2025 LLM Year in Review: Six Paradigm Shifts and Future Implications

The LLM landscape in 2025 evolved beyond a mere race for scale, fundamentally reshaping our understanding of intelligence, training methodologies, and application paradigms.

2025 has been a monumental year for Large Language Models. We witnessed not just incremental performance gains but a series of fundamental “paradigm changes.” These shifts have redefined how we perceive artificial intelligence, how we train these systems, and how they integrate into our digital lives. This article breaks down these key transformations, explaining their underlying logic and profound implications in accessible terms.

1. From Human Feedback to Verifiable Rewards: How RLVR Taught AI to “Think”

For a long time, producing a mature, commercial-grade LLM followed a classic recipe: large-scale pretraining, supervised fine-tuning, and Reinforcement Learning from Human Feedback.

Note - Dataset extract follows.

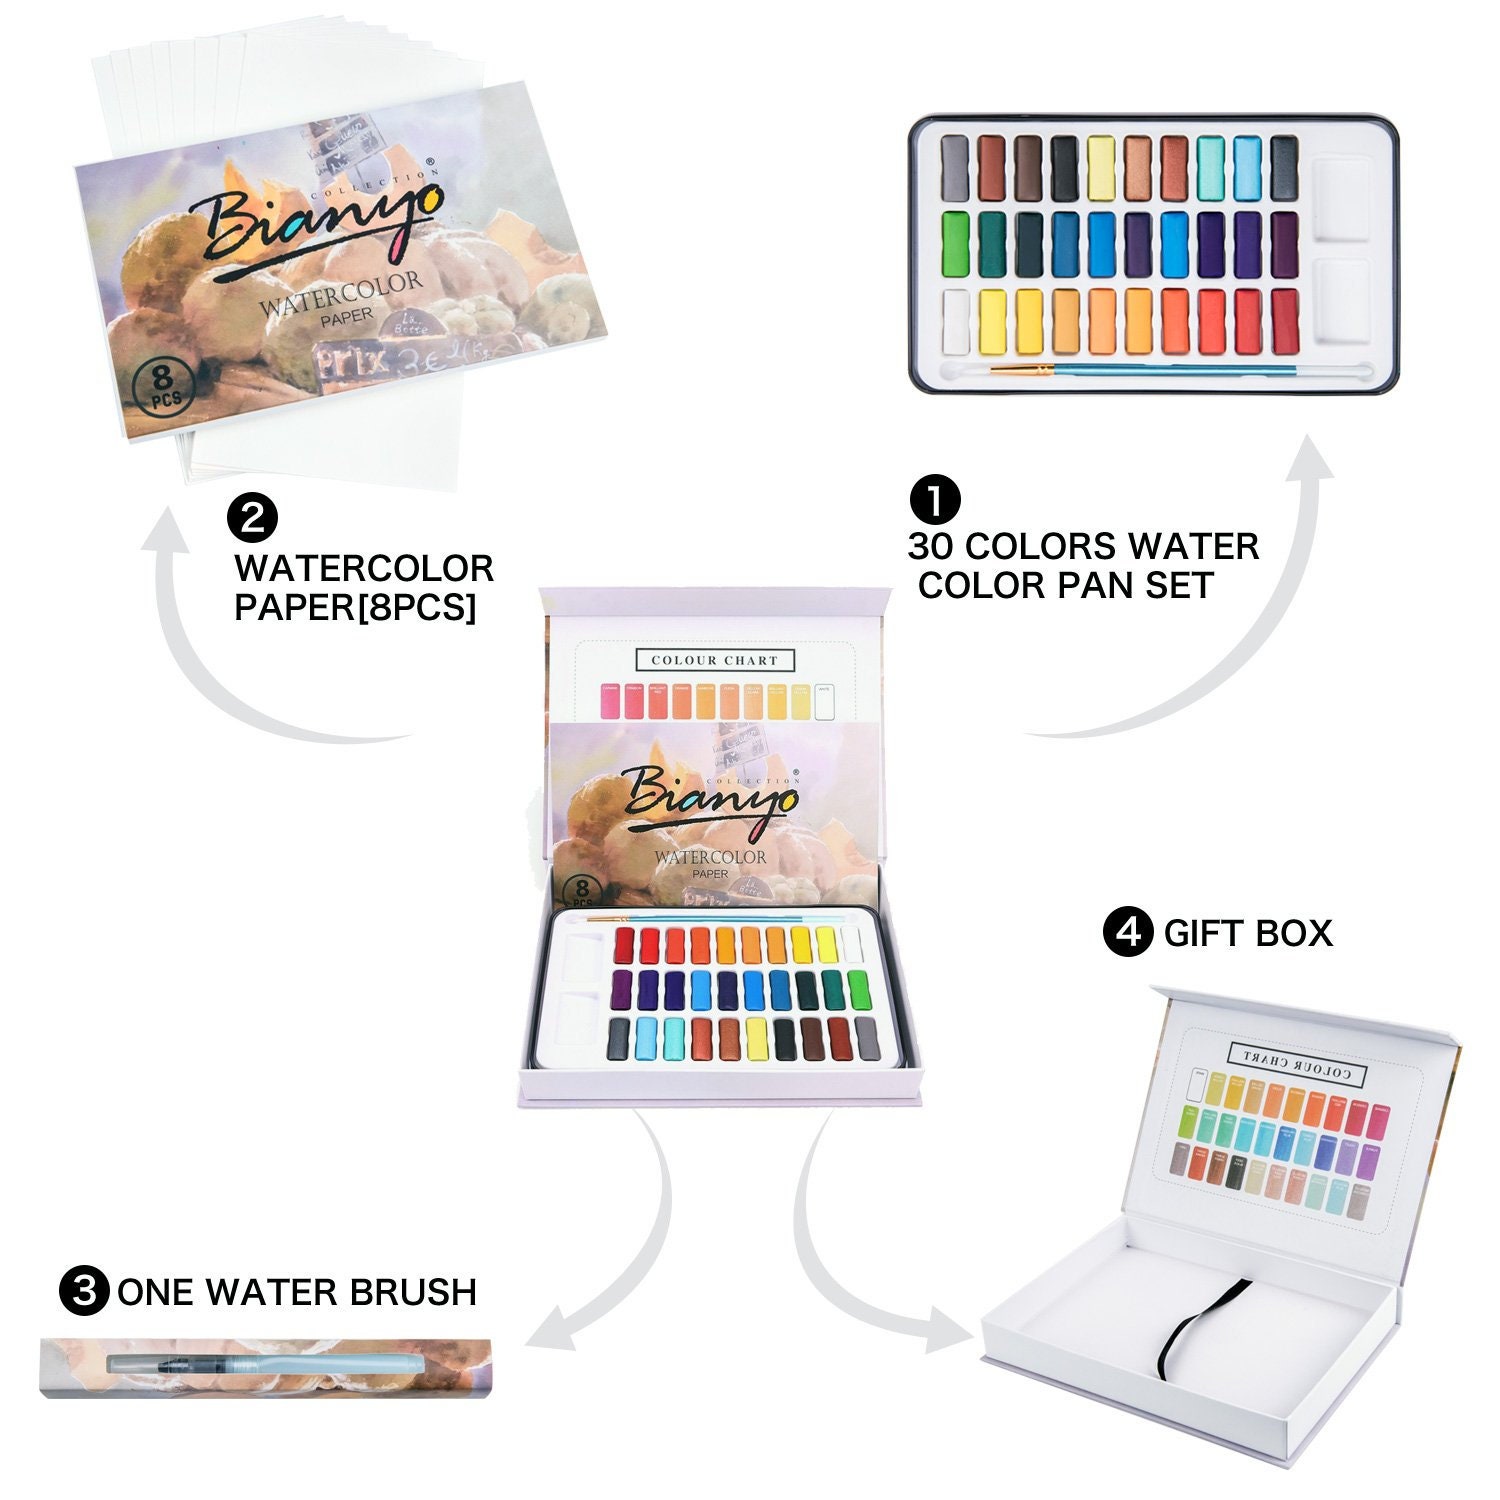 BIANYO 36 Watercolor Paint Vibrant Colors Watercolor Paper&10 Brush-palette  for Kids Adults Painting,coloring, Gift Travel Case

This pipeline was stable and effective—until 2025, when a new core stage was widely introduced: Reinforcement Learning from Verifiable Rewards.

So, what exactly is RLVR, and why is it so significant?

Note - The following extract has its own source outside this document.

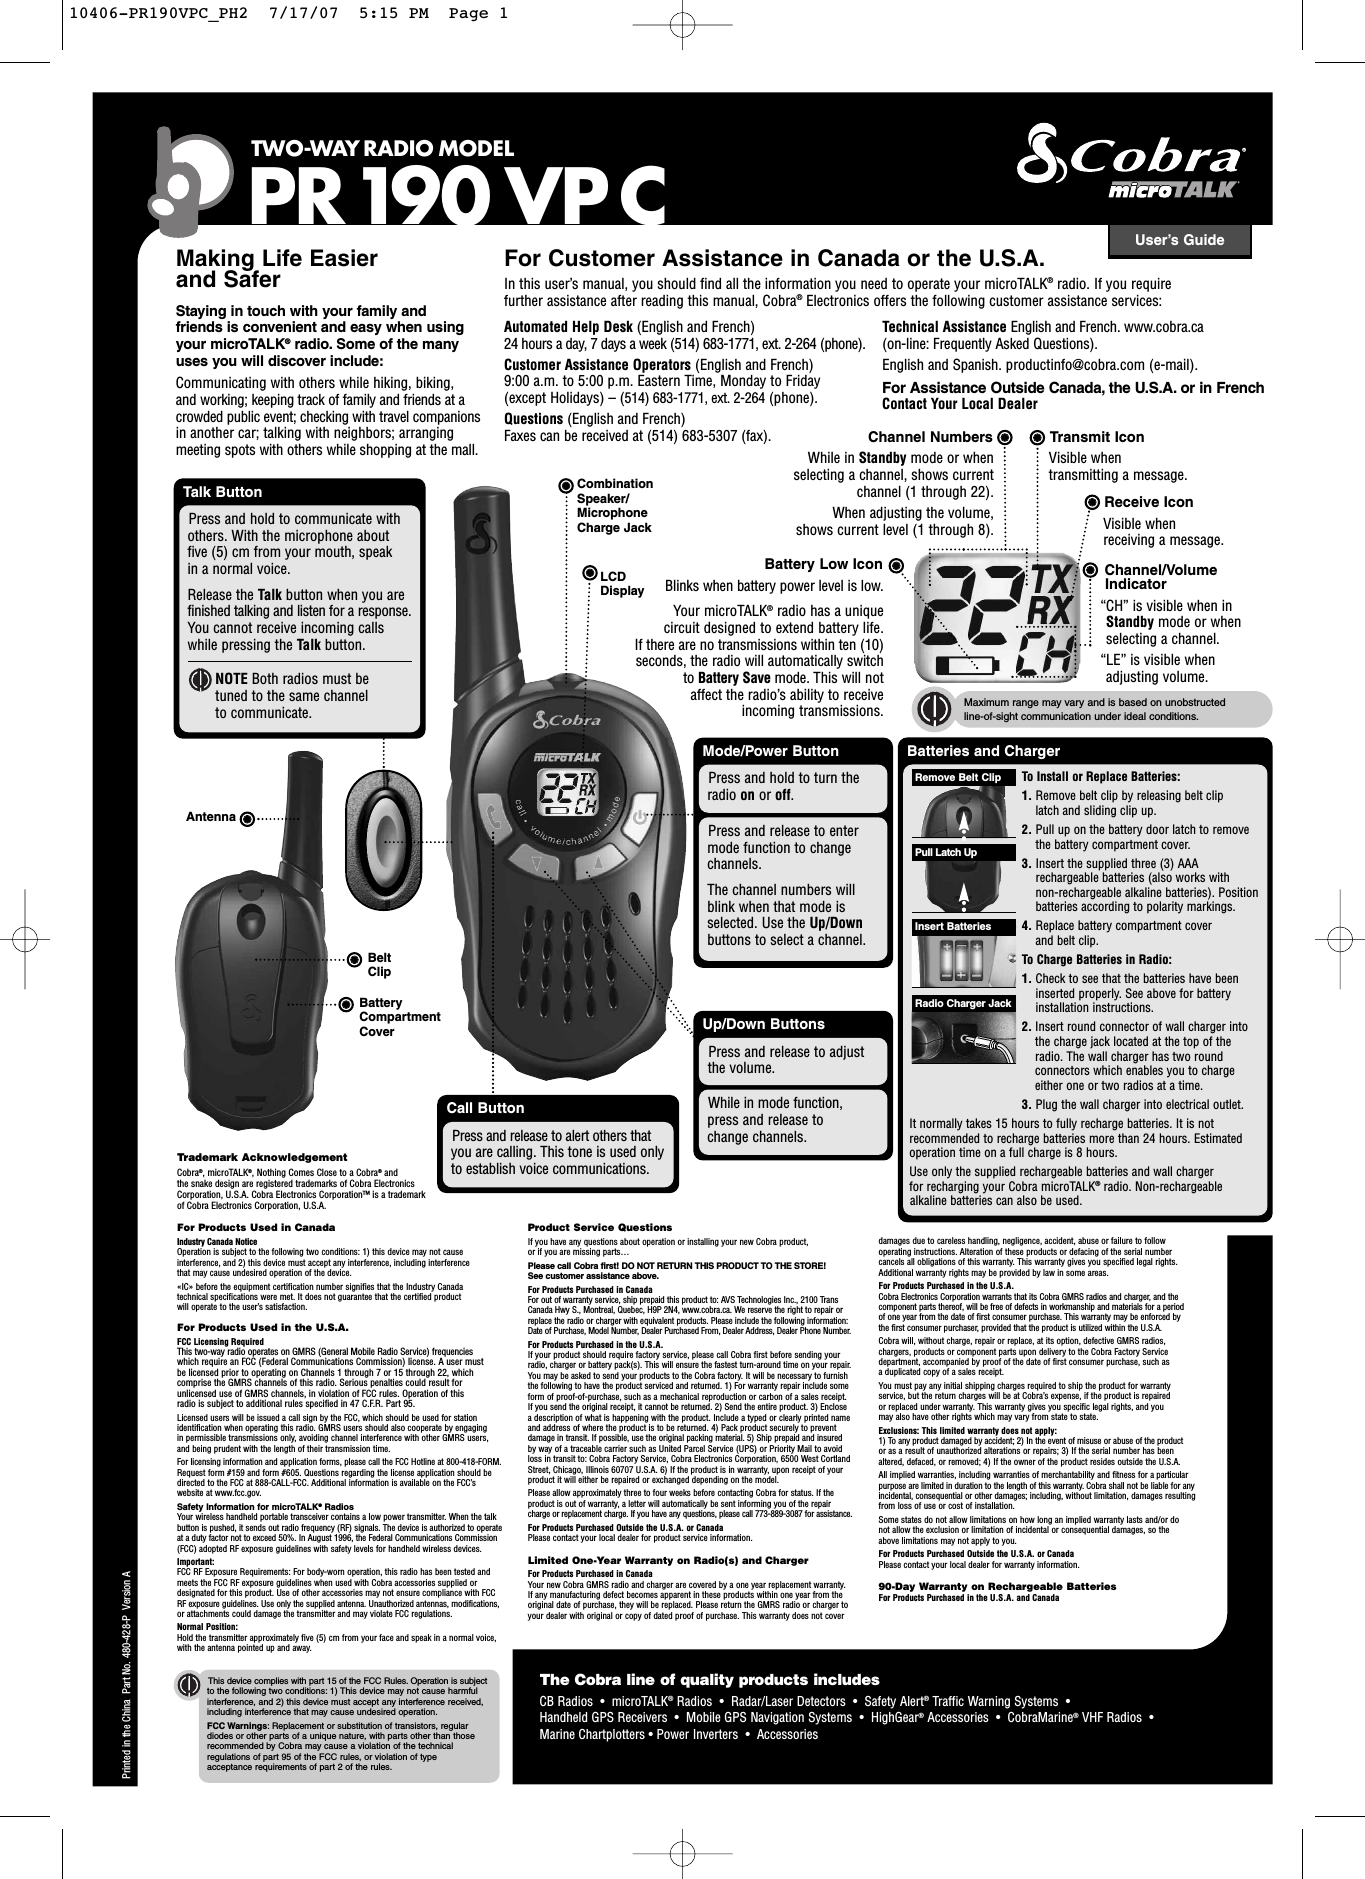 User’s GuideTWO-WAY RADIO MODEL PR190 VPCIntro Operation CustomerAssistanceWarrantyNoticeconsdary IconsPrinted in the China Part No. 480-428-P Version AMaking Life Easier and SaferStaying in touch with your family and friends is convenient and easy when usingyour microTALK®radio. Some of the many uses you will discover include:Communicating with others while hiking, biking, and working; keeping track of family and friends at acrowded public event; checking with travel companions in another car; talking with neighbors; arrangingmeeting spots with others while shopping at the mall.For Customer Assistance in Canada or the U.S.A.Inthis user’s manual, you should find all the information you need to operate your microTALK®radio. If you require further assistance after reading this manual, Cobra®Electronics offers the following customer assistance services:Automated Help Desk (English and French)24hours a day, 7 days a week (514) 683-1771, ext. 2-264 (phone). Customer Assistance Operators (English and French)9:00 a.m. to 5:00 p.m. Eastern Time, Monday to Friday (except Holidays) – (514) 683-1771, ext. 2-264 (phone). Questions (English and French)Faxes can be received at (514) 683-5307 (fax). Technical Assistance English and French. www.cobra.ca (on-line: Frequently Asked Questions). English and Spanish. productinfo@cobra.com (e-mail).For Products Used in CanadaIndustryCanada Notice Operation is subject to the following two conditions: 1) this device may not causeinterference, and 2) this device must accept any interference, including interference that may cause undesired operation of the device.«IC» before the equipment certification number signifies that the Industry Canada technical specifications were met. It does not guarantee that the certified product will operate to the user’s satisfaction.For Products Used in the U.S.A.FCC Licensing RequiredThis two-way radio operates on GMRS (General Mobile Radio Service) frequencieswhich require an FCC (Federal Communications Commission) license. A user must be licensed prior to operating on Channels 1 through 7 or 15 through 22, whichcomprise the GMRS channels of this radio. Serious penalties could result forunlicensed use of GMRS channels, in violation of FCC rules. Operation of this radio is subject to additional rules specified in 47 C.F.R. Part 95. Licensed users will be issued a call sign by the FCC, which should be used for stationidentification when operating this radio. GMRS users should also cooperate by engaging in permissible transmissions only,avoiding channel interference with other GMRS users,and being prudent with the length of their transmission time.For licensing information and application forms, please call the FCC Hotline at 800-418-FORM.Request form #159 and form #605. Questions regarding the license application should bedirected to the FCC at 888-CALL-FCC. Additional information is available on the FCC’swebsite at www.fcc.gov.Safety Information for microTALK®RadiosYour wireless handheld portable transceiver contains a low power transmitter. When the talkbutton is pushed, it sends out radio frequency (RF) signals. The device is authorized to operateat a duty factor not to exceed 50%. In August 1996, the Federal Communications Commission(FCC) adopted RF exposure guidelines with safety levels for handheld wireless devices. Important: FCC RF Exposure Requirements: For body-worn operation, this radio has been tested andmeets the FCC RF exposure guidelines when used with Cobra accessories supplied ordesignated for this product. Use of other accessories may not ensure compliance with FCCRF exposure guidelines. Use only the supplied antenna. Unauthorized antennas, modifications,or attachments could damage the transmitter and may violate FCC regulations. Normal Position: Hold the transmitter approximately five (5) cm from your face and speak in a normal voice, with the antenna pointed up and away.Product Service QuestionsIf you have any questions about operation or installing your new Cobra product, or if you are missing parts… Please call Cobra first! DO NOTRETURN THIS PRODUCT TO THE STORE! See customer assistance above.For Products Purchased in CanadaFor out of warranty service, ship prepaid this product to: AVS Technologies Inc., 2100 TransCanada Hwy S., Montreal, Quebec, H9P 2N4, www.cobra.ca. We reserve the right to repair orreplace the radio or charger with equivalent products. Please include the following information:Date of Purchase, Model Number, Dealer Purchased From, Dealer Address, Dealer Phone Number.For Products Purchased in the U.S.A.If your product should require factory service, please call Cobra first before sending yourradio, charger or batterypack(s). This will ensure the fastest turn-around time on your repair.You may be asked to send your products to the Cobra factory. It will be necessary to furnishthe following to have the product serviced and returned. 1) For warranty repair include someform of proof-of-purchase, such as a mechanical reproduction or carbon of a sales receipt.If you send the original receipt, it cannot be returned. 2) Send the entire product. 3) Encloseadescription of what is happening with the product. Include a typed or clearly printed nameand address of where the product is to be returned. 4) Pack product securely to preventdamage in transit. If possible, use the original packing material. 5) Ship prepaid and insured by way of a traceable carrier such as United Parcel Service (UPS) or Priority Mail to avoidloss in transit to: Cobra FactoryService, Cobra Electronics Corporation, 6500 West CortlandStreet, Chicago, Illinois 60707 U.S.A. 6) If the product is in warranty,upon receipt of yourproduct it will either be repaired or exchanged depending on the model. Please allow approximately three to four weeks before contacting Cobra for status. If theproduct is out of warranty, a letter will automatically be sent informing you of the repaircharge or replacement charge. If you have any questions, please call 773-889-3087 for assistance.For Products Purchased Outside the U.S.A. or CanadaPlease contact your local dealer for product service information.Limited One-Year Warranty on Radio(s) and ChargerFor Products Purchased in CanadaYour new Cobra GMRS radio and charger are covered by a one year replacement warranty. If any manufacturing defect becomes apparent in these products within one year from theoriginal date of purchase, they will be replaced. Please return the GMRS radio or charger toyour dealer with original or copy of dated proof of purchase. This warranty does not cover damages due to careless handling, negligence, accident, abuse or failure to follow operating instructions. Alteration of these products or defacing of the serial number cancels all obligations of this warranty.This warranty gives you specified legal rights.Additional warranty rights may be provided by law in some areas.For Products Purchased in the U.S.A.Cobra Electronics Corporation warrants that its Cobra GMRS radios and charger, and thecomponent parts thereof, will be free of defects in workmanship and materials for a periodof one year from the date of first consumer purchase. This warranty may be enforced by the first consumer purchaser,provided that the product is utilized within the U.S.A. Cobra will, without charge, repair or replace, at its option, defective GMRS radios, chargers, products or component parts upon delivery to the Cobra Factory Servicedepartment, accompanied by proof of the date of first consumer purchase, such as aduplicated copy of a sales receipt. You must pay any initial shipping charges required to ship the product for warranty service, but the return charges will be at Cobra’s expense, if the product is repaired or replaced under warranty. This warranty gives you specific legal rights, and you may also have other rights which may vary from state to state.Exclusions: This limited warranty does not apply:  1) To any product damaged by accident; 2) In the event of misuse or abuse of the productor as a result of unauthorized alterations or repairs; 3) If the serial number has been altered, defaced, or removed; 4) If the owner of the product resides outside the U.S.A.All implied warranties, including warranties of merchantability and fitness for a particularpurpose are limited in duration to the length of this warranty.Cobra shall not be liable for anyincidental, consequential or other damages; including, without limitation, damages resultingfrom loss of use or cost of installation. Some states do not allow limitations on how long an implied warranty lasts and/or do not allow the exclusion or limitation of incidental or consequential damages, so the above limitations may not apply to you.For Products Purchased Outside the U.S.A. or CanadaPlease contact your local dealer for warranty information.90-Day Warranty on Rechargeable BatteriesFor Products Purchased in the U.S.A. and CanadaThis device complies with part 15 of the FCC Rules. Operation is subjectto the following two conditions: 1) This device may not cause harmfulinterference, and 2) this device must accept any interference received,including interference that may cause undesired operation.FCC Warnings:Replacement or substitution of transistors,regulardiodes or other parts of a unique nature, with parts other than thoserecommended byCobramaycause a violation of the technicalregulations of part95 of the FCC rules,or violation of type acceptance requirements of part 2 of the rules.Trademark AcknowledgementCobra®,microTALK®,Nothing Comes Close to a Cobra®and the snake design are registered trademarks of Cobra Electronics Corporation, U.S.A. Cobra Electronics Corporation™ is a trademark of Cobra Electronics Corporation, U.S.A. Mode/Power ButtonPress and release to entermode function to changechannels.The channel numbers willblink when that mode isselected. Use the Up/Downbuttons to select a channel.CombinationSpeaker/MicrophoneCharge JackPress and hold to turn theradio on or off.Up/Down ButtonsWhile in mode function,press and release to change channels.Press and release to adjustthe volume.Channel NumbersWhile in Standby mode or when selecting a channel, shows current channel (1 through 22).When adjusting the volume, shows current level (1 through 8).Channel/Volume Indicator“CH” is visible when inStandby mode or whenselecting a channel.“LE” is visible when adjusting volume.Receive IconVisible when receiving a message.Transmit IconVisible when transmitting a message.Battery Low IconBlinks when battery power level is low.Your microTALK®radio has a unique circuit designed to extend battery life. Ifthere are no transmissions within ten (10)seconds, the radio will automatically switch to Battery Save mode. This will not affect the radio’s ability to receive incoming transmissions.BatteryCompartmentCoverBeltClipAntennaTalk ButtonPress and hold to communicate withothers. With the microphone aboutfive (5) cm from your mouth, speak in a normal voice. Release the Talk button when you arefinished talking and listen for a response.You cannot receive incoming callswhile pressing the Talk button.NOTE Both radios must be tuned to the same channel tocommunicate.Intro Operation CustomerAssistanceWarrantyNoticeMain IconsSecondary IconsIntro Operation CustomerAssistanceWarrantyNoticeMain IconsSecondary IconsMaximum range may vary and is based on unobstructed line-of-sight communication under ideal conditions.LCDDisplayBatteries and ChargerTo Install or Replace Batteries:1. Remove belt clip by releasing belt clip latch and sliding clip up.2. Pull up on the battery door latch to removethe battery compartment cover.3. Insert the supplied three (3) AAArechargeable batteries (also works with non-rechargeable alkaline batteries). Positionbatteries according to polarity markings.4. Replace battery compartment cover and belt clip.To Charge Batteries in Radio:1. Check to see that the batteries have beeninserted properly. See above for batteryinstallation instructions.2. Insert round connector of wall charger intothe charge jack located at the top of theradio. The wall charger has two roundconnectors which enables you to chargeeither one or two radios at a time.3. Plug the wall charger into electrical outlet.It normally takes 15 hours to fully recharge batteries. It is notrecommended to recharge batteries more than 24 hours. Estimatedoperation time on a full charge is 8 hours.Use only the supplied rechargeable batteries and wall charger for recharging your Cobra microTALK®radio. Non-rechargeablealkaline batteries can also be used.InsertBatteriesPull Latch UpRemove Belt ClipRadio Charger JackFor Assistance Outside Canada, the U.S.A. or in FrenchContact Your Local DealerThe Cobra line of quality products includesCB Radios  •  microTALK®Radios  •  Radar/Laser Detectors  •  Safety Alert®Traffic Warning Systems  •  Handheld GPS Receivers  •  Mobile GPS Navigation Systems  •  HighGear®Accessories  •  CobraMarine®VHF Radios  •  Marine Chartplotters • Power Inverters  •  AccessoriesIntro Operation CustomerAssistanceWarrantyNoticeMain IconsSecondary IconsCall ButtonPress and release to alert others thatyou are calling. This tone is used onlyto establish voice communications.10406-PR190VPC_PH2  7/17/07  5:15 PM  Page 1

In simple terms, RLVR trains LLMs in environments where success can be automatically judged, such as solving math problems or coding puzzles. The system provides a clear, objective reward signal (e.g., whether the problem was solved correctly). During this process, the model isn’t explicitly told how to reason step-by-step. Instead, it must explore and experiment, spontaneously developing strategies that, to humans, resemble “reasoning.” It learns to break down complex problems into intermediate steps, tries different solution strategies, and even learns to backtrack and correct errors.

This represents a fundamental departure from previous training methods:

• SFT (Supervised Fine-Tuning) and RLHF (Reinforcement Learning from Human Feedback) are relatively “short and light” stages, primarily involving fine-tuning.
• RLVR enables prolonged optimization. Because it has an objective, non-gameable reward target, computational resources can be poured into it continuously, driving sustained capability improvements.

The direct consequences were:

1. “Thinking Time” as a New Dimension: RLVR models can improve answer quality at test time by generating longer “reasoning traces.” This means “compute” can be flexibly converted into “thinking depth.”
2. Reallocation of Compute Resources: The RLVR stage proved to be highly cost-effective in terms of capability gain per dollar. Vast amounts of compute originally earmarked for pretraining were redirected here. Thus, the 2025 capability leap came primarily from models undergoing much longer RLVR runs, not just from them being larger.
3. Flagship Models Emerged: OpenAI’s o1 model was the first demonstration of RLVR, but the o3 release in early 2025 was the inflection point where the public could intuitively feel this qualitative shift.

The Layman’s Explanation: Think of RLVR as putting an AI in a super library with infinite practice workbooks and an automatic grading system. It has no teacher guiding each step, but by constantly solving problems and seeing what’s right/wrong, it deduces its own efficient methods for learning and problem-solving.

2. Ghosts vs. Animals: Understanding the “Jagged” Shape of LLM Intelligence

In 2025, the industry began to grasp the unique “shape” of LLM intelligence more intuitively. A core metaphor emerged: we are not “evolving or raising animals,” but “summoning ghosts.”

Why “Ghosts” and not “Animals”?
Because everything about building an LLM—its neural architecture, training data, optimization objectives—is fundamentally different from the evolutionary path of biological intelligence. The human brain is “optimized” for survival and reproduction in a complex world. The LLM is “optimized” to imitate human text, score points on math puzzles, and get thumbs-ups in evaluations.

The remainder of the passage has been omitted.